In most RAG-based tools, you can formulate your search query or prompt using natural language. It is usually best to focus on describing the topic and avoid “prompt engineering” techniques used in chatbots. Phrases about how the answer should be structured, what types of sources to select, and other instructions not related to the topic itself may conflict with the RAG tool’s functionality and reduce the quality of the results. 

Risks

A disadvantage of RAG-based tools is that the process of searching and selecting sources is not transparent. It is not possible to understand why certain sources are presented, nor how the ranking is determined. 

Reproducibility is also lacking. Reproducibility means that someone else should be able to repeat, for example, a scientific experiment and obtain the same result. In terms of search, the same query performed by different people should yield the same results, as should the same query performed at different times. Due to the nature of generative AI, each generated text is intended to be unique. Even the sources retrieved may vary, meaning the same query repeated at different times or by different users may often yield different results.
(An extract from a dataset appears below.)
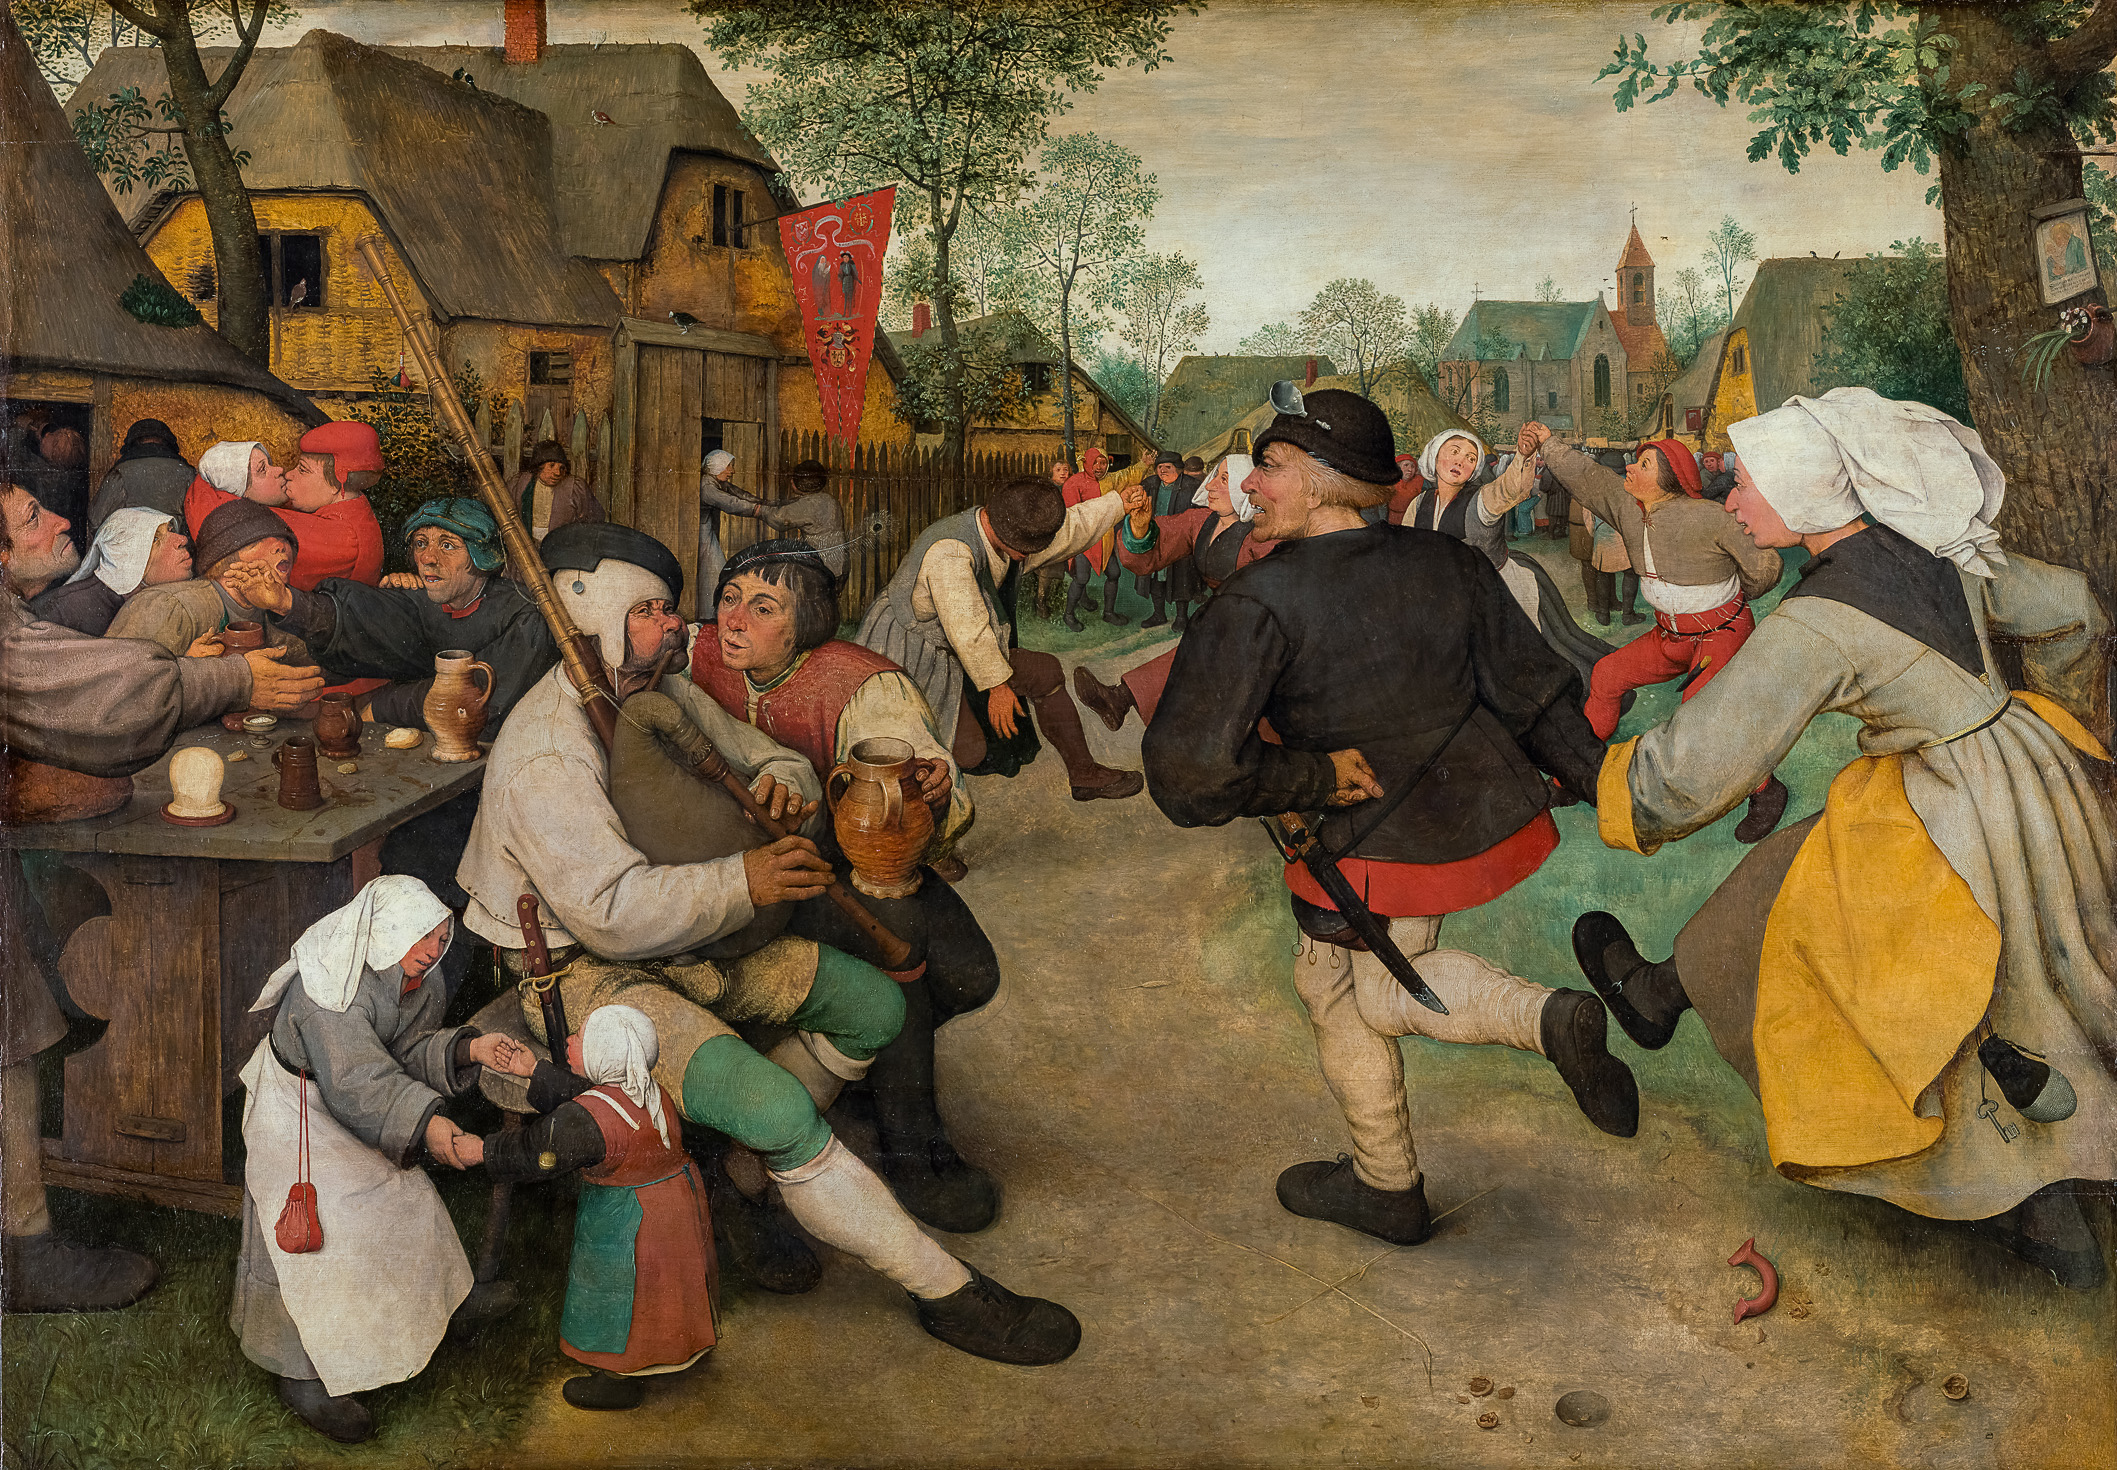 De boerendans by Pieter Bruegel de Oude - ca. 1568 - 114 cm × 164 cm Kunsthistorisches Museum

This makes it impossible to conduct systematic searches using these tools. 

Keyword searches in a traditional database often provide an overview of the research on a particular topic. The number of hits gives an indication of how much the topic has been studied, and by reviewing the list of results, one can get a sense of common themes. When searching in a RAG-based tool, this overview is usually not provided. You receive the same number of results regardless of how much or how little research exists in the area you are asking about. 

Terms of Use and Copyright 

Many AI tools save the input you provide and use it in various ways, including as training data. Read the terms of use for each service to learn more, and be cautious if, for example, you input someone else’s material or sensitive information. 
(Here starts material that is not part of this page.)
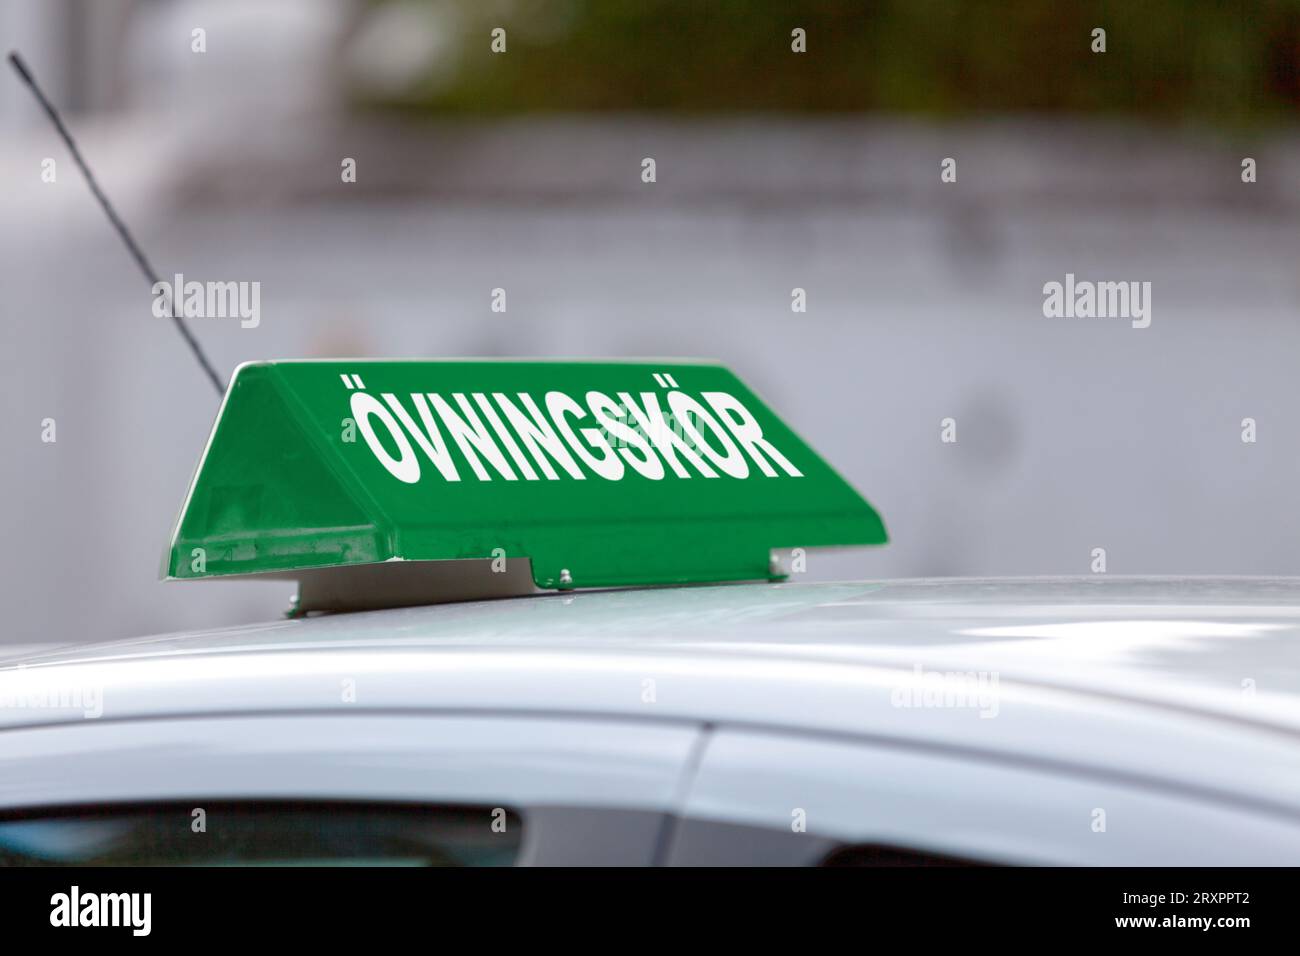 Il cartello verde sul tetto dell'auto indica "ÖVNINGSKÖR", che significa "pratica di guida in corso". Foto Stock

Copyright only applies to material created by human beings. AI-generated images and text are therefore not covered. No one holds copyright to AI-produced material. However, there may be restrictions on how the material can be used. These restrictions can be found in the terms of use you accepted when you created an account for the service.

Cheating and Plagiarism 

Before using AI tools in your studies, you need to check what guidelines apply to the specific course. In general, you should never submit work as your own if you have not substantially completed it yourself. For the sake of transparency, it may be recommended to state which tools you used, and how. KTH's pages on cheating and plagiarism contain more information.

AI tools as a reference  

Practice varies as to whether AI tools should be cited as references. They are not sources in the traditional sense and according to some recommendations they should rather be mentioned as tools used. If you need to reference AI tools, you can sometimes find examples of how to do so in a guide to the referencing style you are using.